Data collection and processing
Quantification of scenario-specific demands
To obtain the click- and time-related data, scenario workflows were reconstructed from recorded screen-capture videos, including eye movements and computer pointer movements and clicks.
Click analysis: The total number of clicks for participants to complete each scenario was quantified, and further subcategorized into: (i) navigation clicks (eg, moving from one window to another window on the screen, etc.), (ii) decision clicks (eg, selecting a test or medication, etc.), (iii) search clicks (eg, initiating the search option for medications/orders, etc.), and (iv) total clicks (sum of navigation, decision, and search clicks).
Time analysis: The total time for participants to complete each scenario was quantified.

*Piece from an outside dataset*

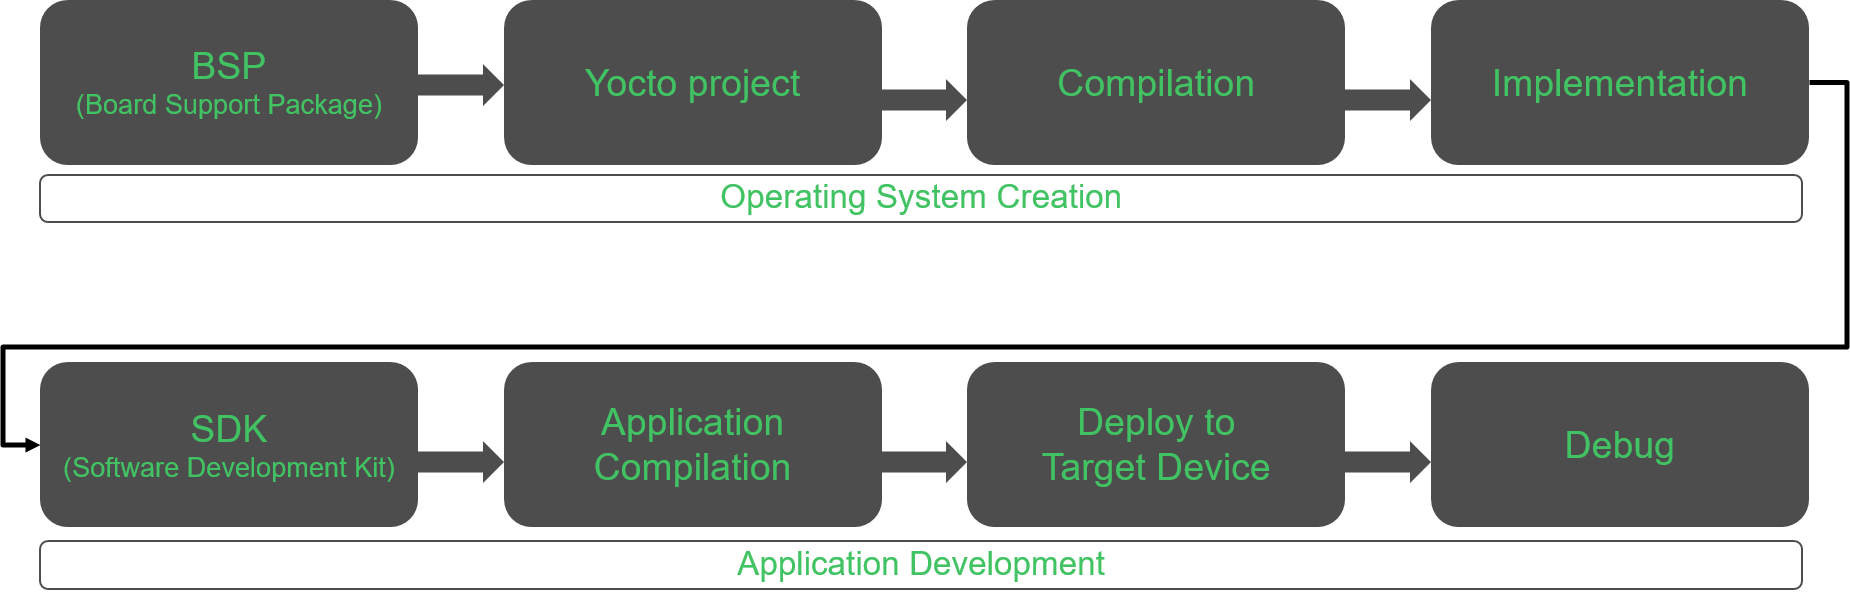 Flow Chart: For Operating System Creation that steps are: BSP > Yocto Project > Compilation > Implemenation - folloed by Application Development with the steps: SDK > Application Compilations > Deploy to Target Device > Debug

Quantification of subjective workload
The NASA-Task-Load Index (TLX) is widely considered to be a valid and reliable subjective measure of workload, and is used across many disciplines. 52,53 The NASA-TLX considers 6 dimensions: mental, physical, temporal demands, frustration, effort, and performance. At the end of each simulated scenario, participants completed the NASA-TLX questionnaire without being aware of their actual clinical performance. First, each participant performed 15 separate pair-wise comparisons between the 6 dimensions (mental, physical, and temporal demands, frustration, effort, and performance) to determine the relevance (and hence a greater weight) of that dimension for a given scenario for that participant. Second, participants marked a workload score ranked from “low” (corresponding to 0) to “high” (corresponding to 100) for each dimension for each scenario. Finally, the composite NASA-TLX score for each scenario was obtained by multiplying the dimension weight (number of times a dimension was chosen) with the corresponding NASA-TLX dimension score, summing across all dimensions, and dividing by 15.
Quantification of physiological workload (eye-data)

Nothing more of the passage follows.